----- AVAILABLE DATA

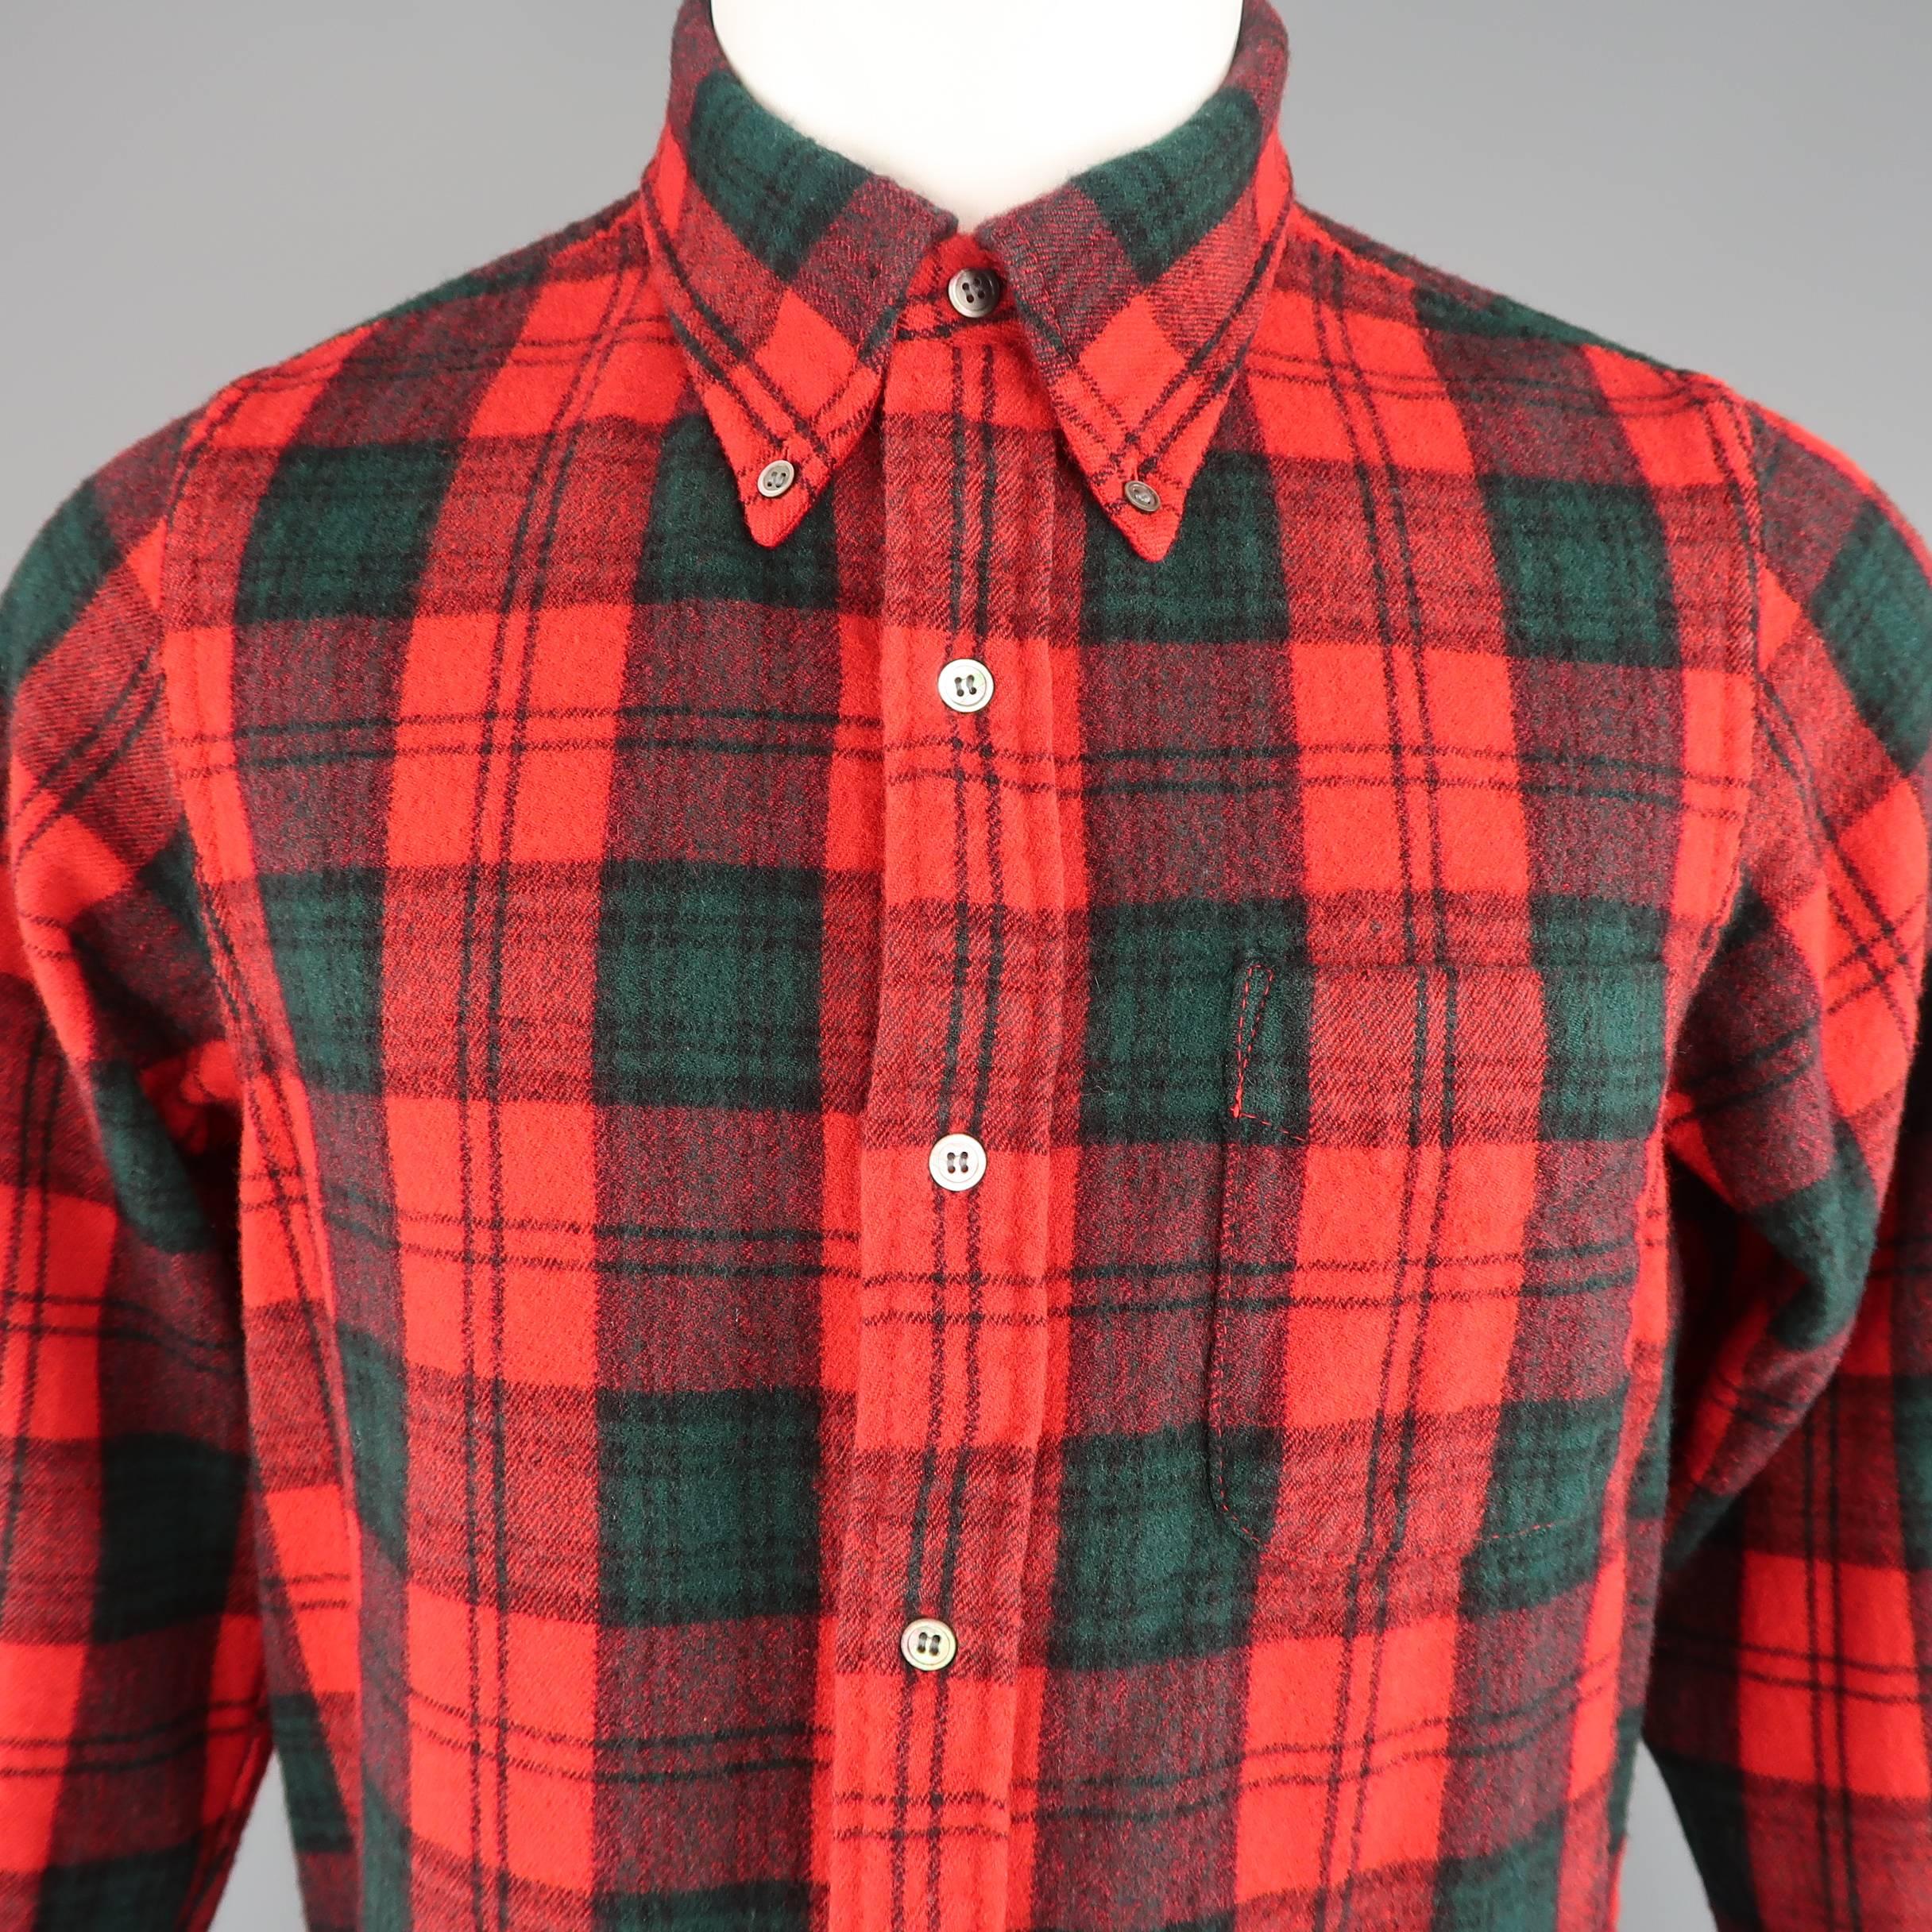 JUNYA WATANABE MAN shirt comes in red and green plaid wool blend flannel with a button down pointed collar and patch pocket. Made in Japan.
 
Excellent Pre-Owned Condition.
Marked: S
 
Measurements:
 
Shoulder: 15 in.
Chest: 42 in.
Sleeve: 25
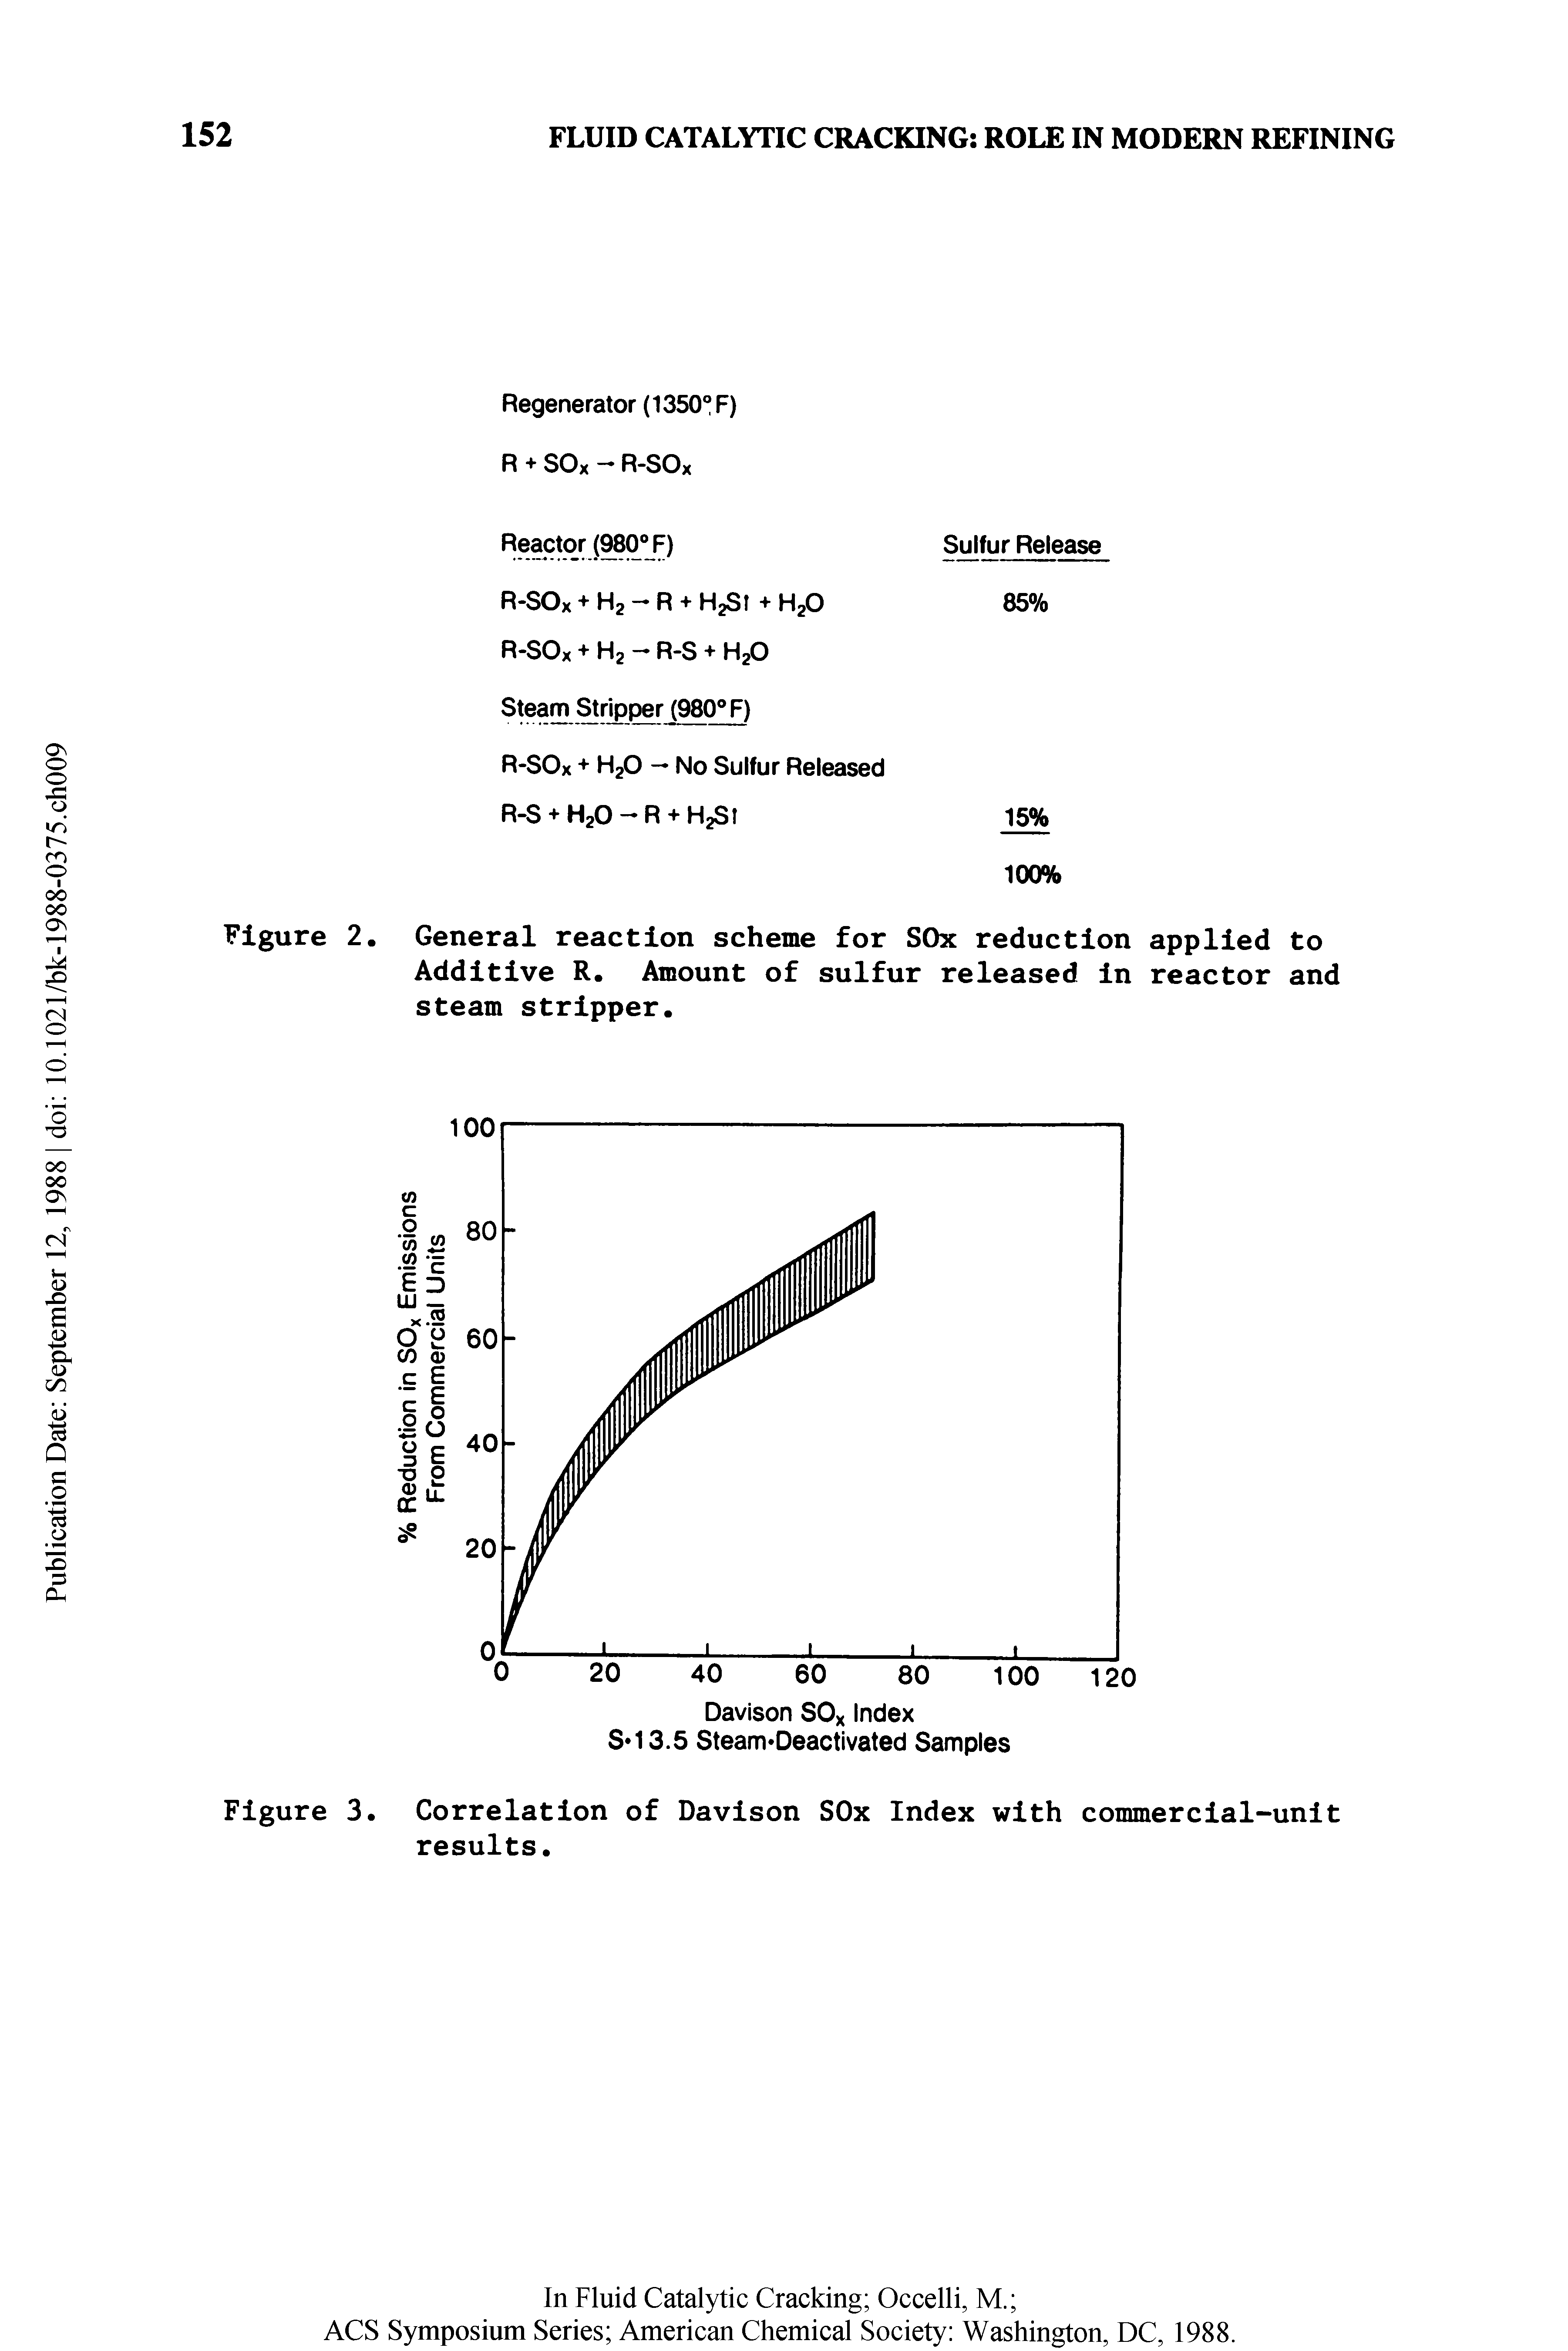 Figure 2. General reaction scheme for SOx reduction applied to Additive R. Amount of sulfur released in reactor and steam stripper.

----------

Would you copy out every entry above word for word, without the pictures?

 JUNYA WATANABE MAN shirt comes in red and green plaid wool blend flannel with a button down pointed collar and patch pocket. Made in Japan.
 
Excellent Pre-Owned Condition.
Marked: S
 
Measurements:
 
Shoulder: 15 in.
Chest: 42 in.
Sleeve: 25
 Figure 2. General reaction scheme for SOx reduction applied to Additive R. Amount of sulfur released in reactor and steam stripper.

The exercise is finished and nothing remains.